Puasa menjadi sia-sia ketika kita hanya bisa menahan lapar
dan haus. Allah Swt juga memerintahkan kita untuk menahan amarah atau emosi.
Artinya, orang yang berpuasa diminta untuk menghindari pertengkaran.
Dalam bukunya yang berjudul Terapi Puasa karya Dr. Abdul Jawwad Ash-Shawi menjelaskan, ketika
seseorang yang sedang puasa emosi dan marah, maka adrenalin akan meningkat
tajam. Bahkan, jumlahnya 20 kali lipat lebih banyak dari saat tidak berpuasa.
Jika marah dan pertengkaran terjadi pada masa penyerapan,
maka proses pencernaan makanan akan terganggu. “Karena adrenalin ini
bekerja mengendurkan otot pelembut di sistem pencernaan,” katanya.
Adrenalin juga memperkecil kontraksi kantong empedu,
menyempitkan pembuluh darah koroner, meningkatkan tekanan darah arterial,
hingga menambah volume darah yang mengalir ke jantung. Proses penyerapan
makanan akan terhambat jika seseorang yang sedang puasa marah.
Jika marah saat siang atau sore hari, di masa
pascapenyerapan, maka sisa cadangan glikogen yang tersimpan akan terurai.
Protein tubuh akan dikonversi jadi asam amino dan lebih banyak asam amino yang
teroksidasi.
Baca Juga: Kisah Nabi Khidir, Benarkah Maih Hidup?
Percepatan proses ini menyebabkan kita lebih cepat lelah
karena cadangan glukosa terus menipis menjelang berbuka.
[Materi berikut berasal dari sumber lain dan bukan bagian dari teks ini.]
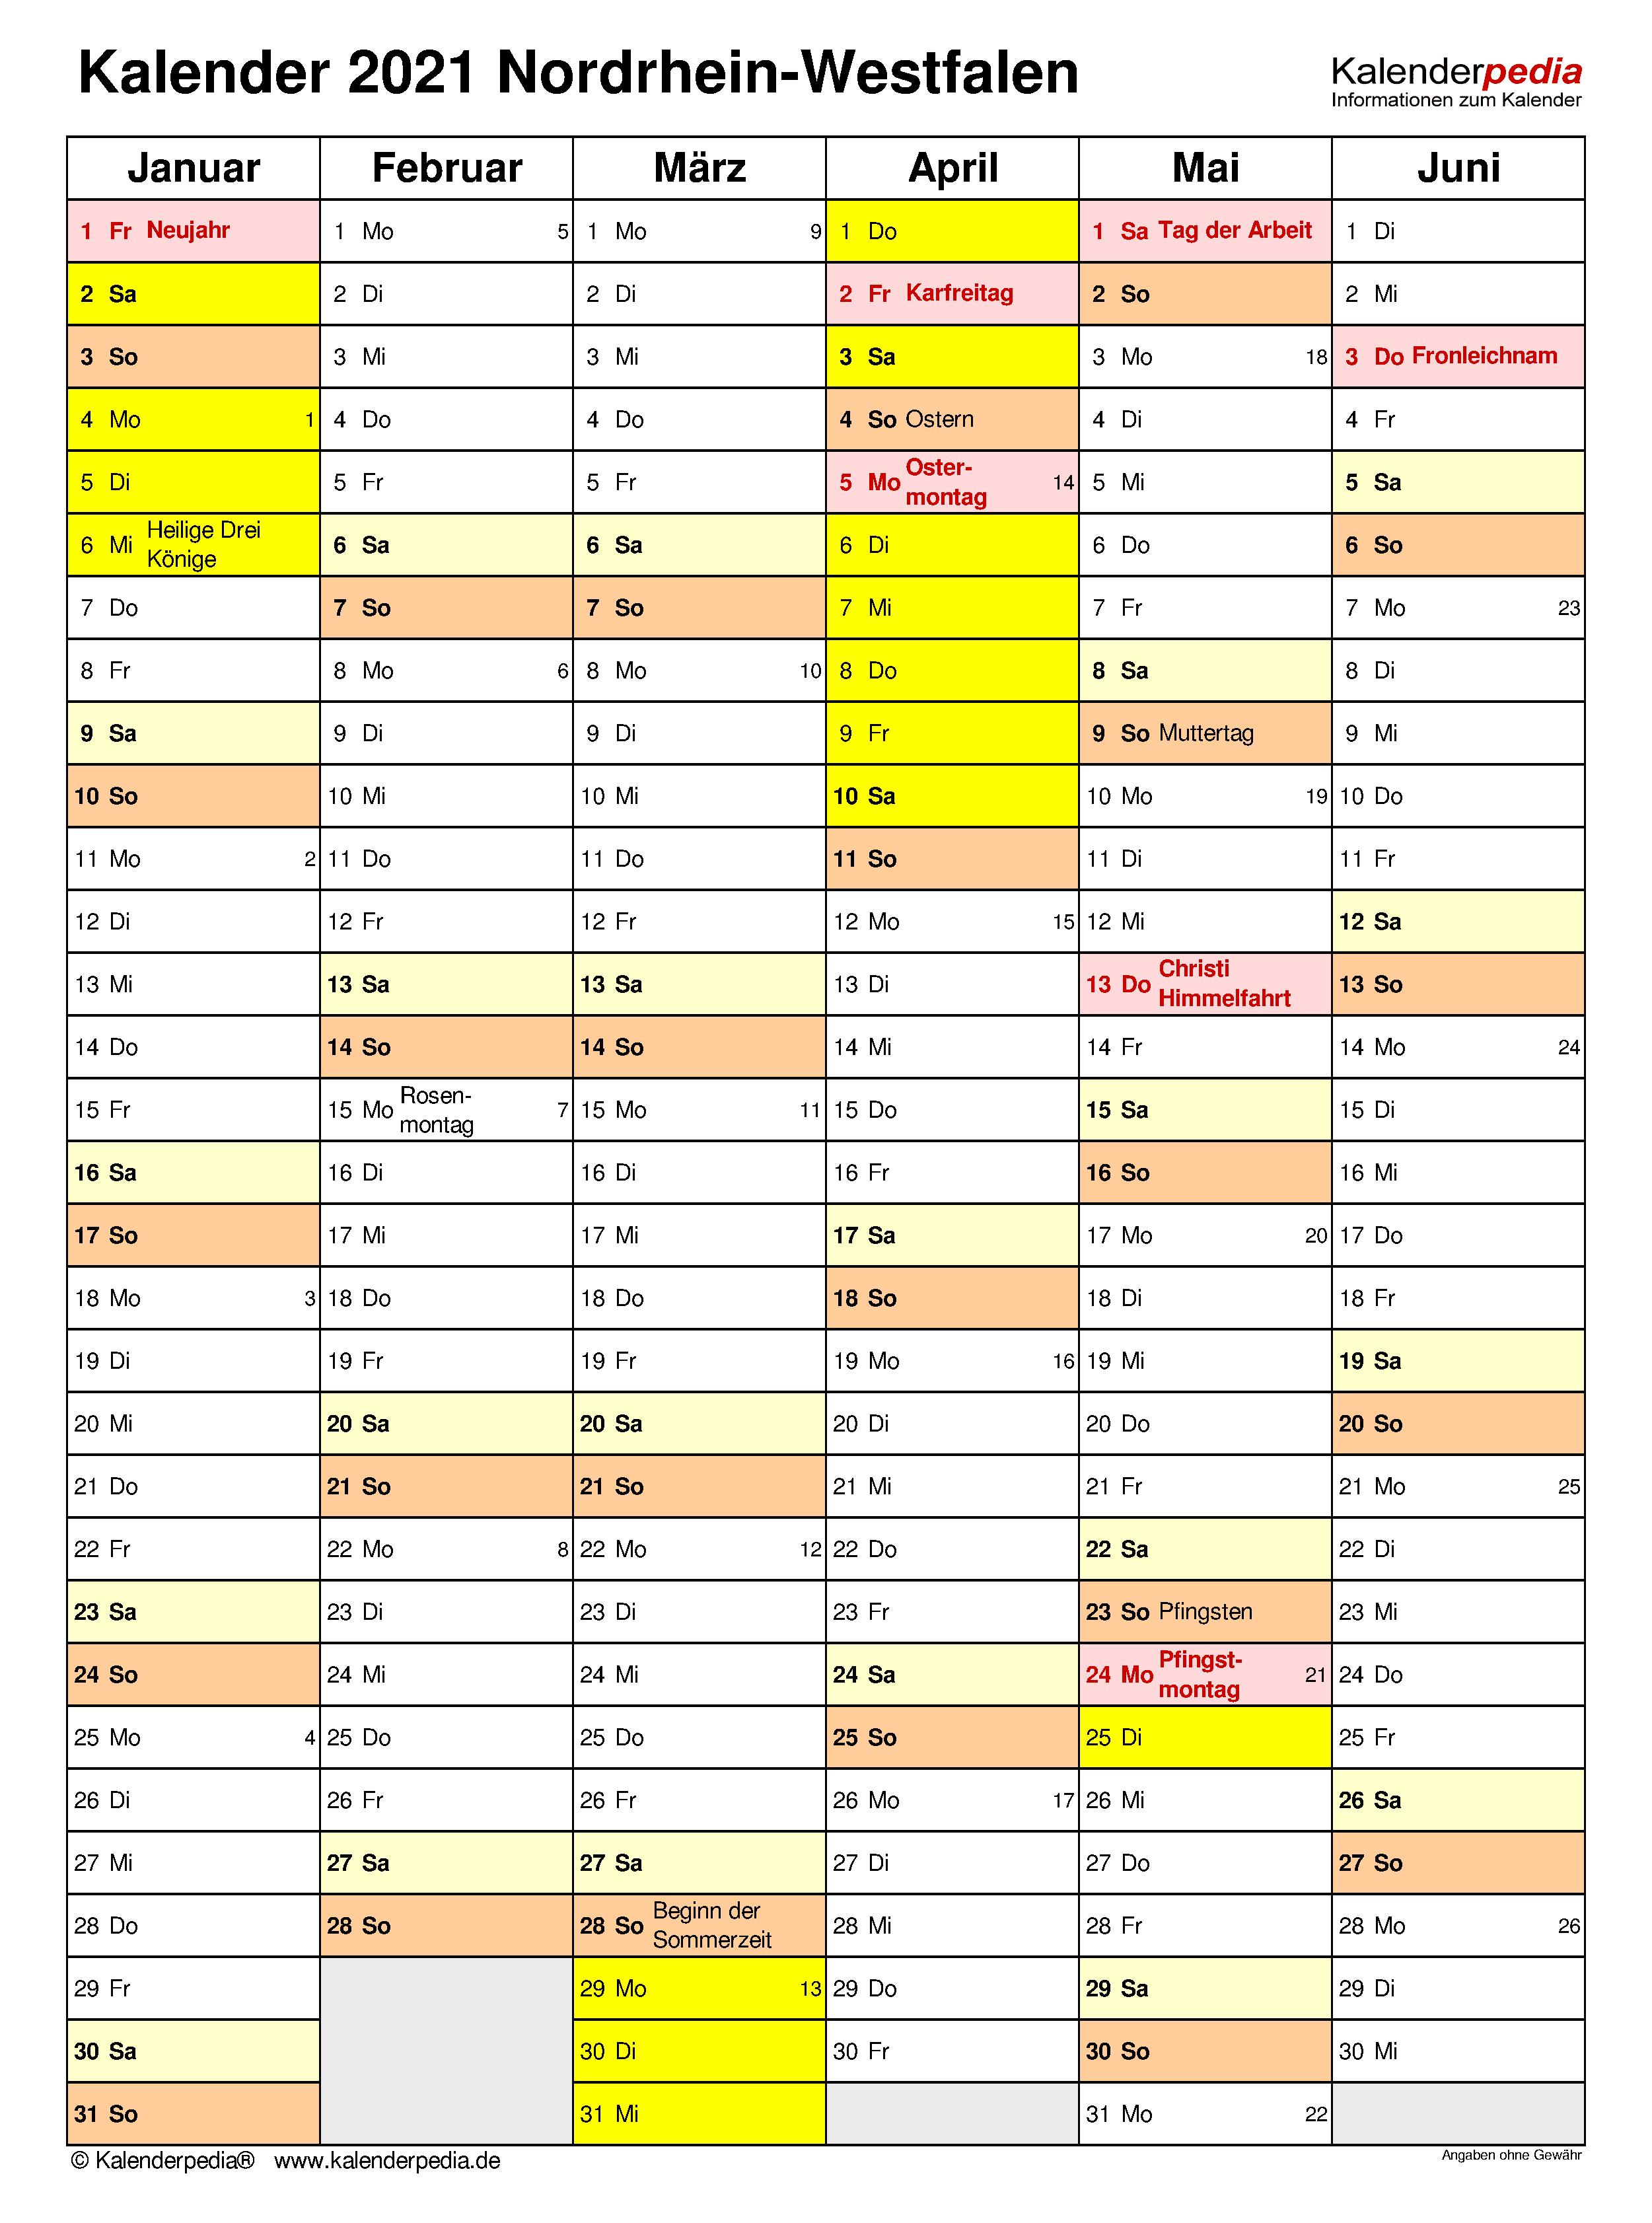 Kalender 2021 Nrw Mit Feiertagen : Jahreskalender Kalender ...
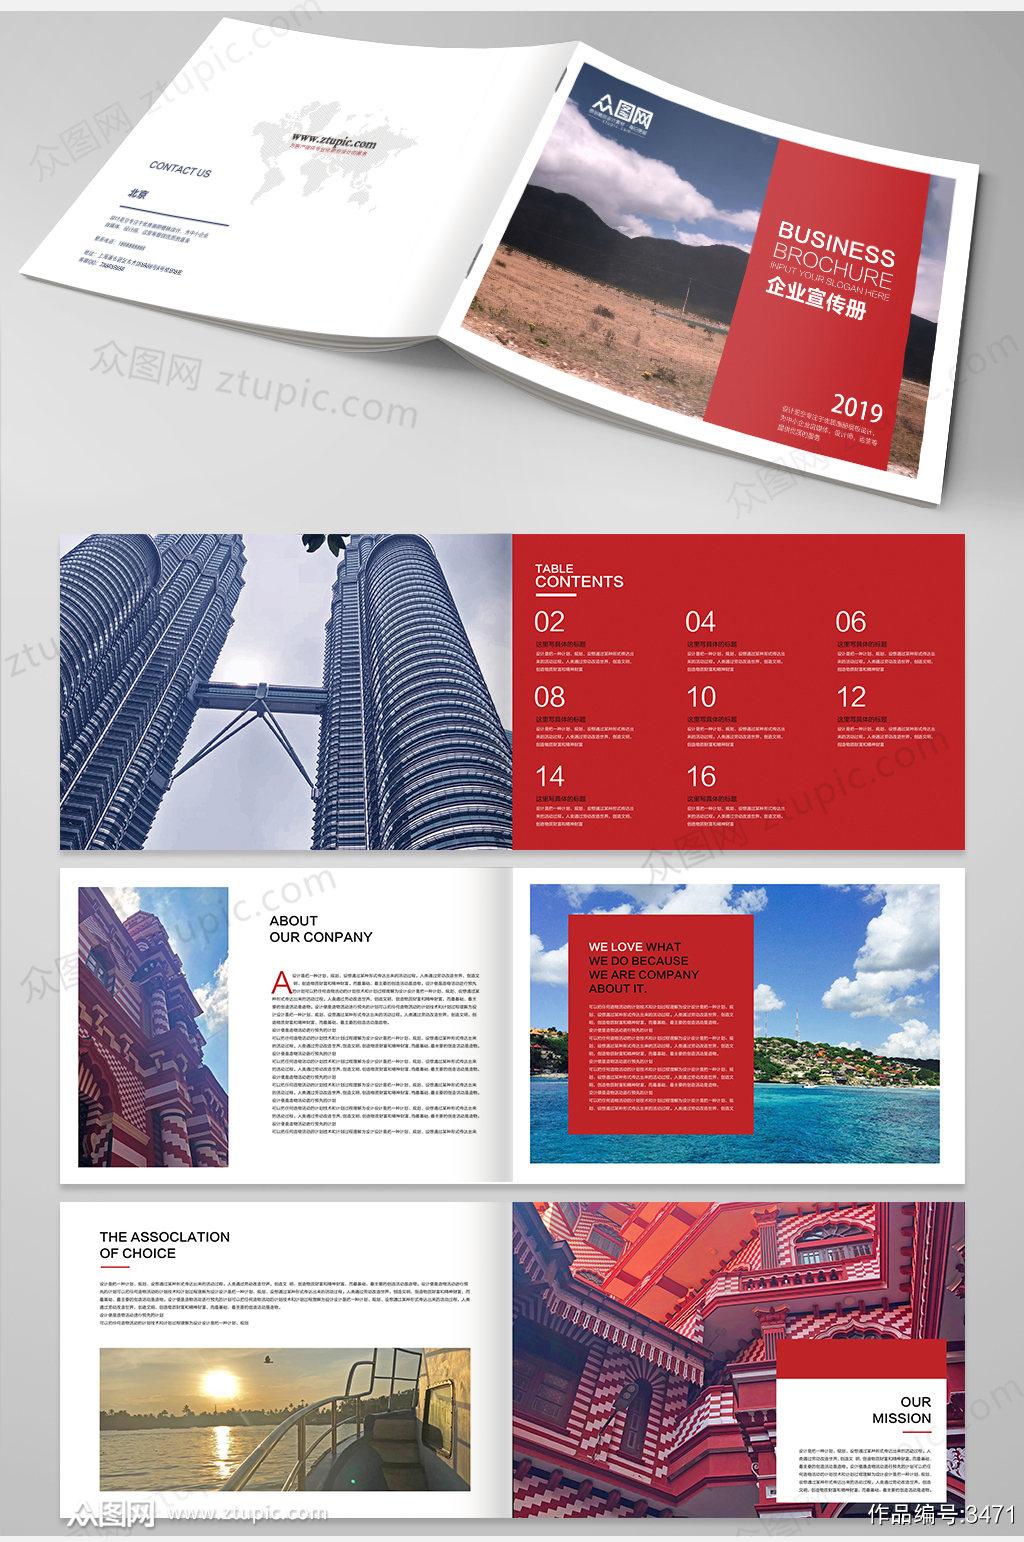 整套时尚大气红色欧式商务企业画册素材

Jika melebihi batas,
glukosa-glukosa di dalam tubuh bisa jadi terbuang melalui urin dan keringat.
Karena marah akan membuat kita jadi lebih berkeringat.
Sehingga tubuh akan kehilangan energi yang seharusnya dihemat. Maka tidak heran
jika Rasulullah Saw menyarankan kita untuk menghindari amarah, emosi, hingga
pertengkaran.
Diriwayatkan Abu Hurairah ra., Rasulullah Saw bersabda, “Jika salah seorang kalian berpuasa,
maka hendaklah ia tidak berkata atau berbuat jorok, berteriak-teriak, membuat
gaduh. Kemudian jika ada seorang yang memaki-maki atau menantang berkelahi,
maka hendaklah ia mengatakan ‘saya sedang puasa.'” (H.R. Bukhari dan Muslim).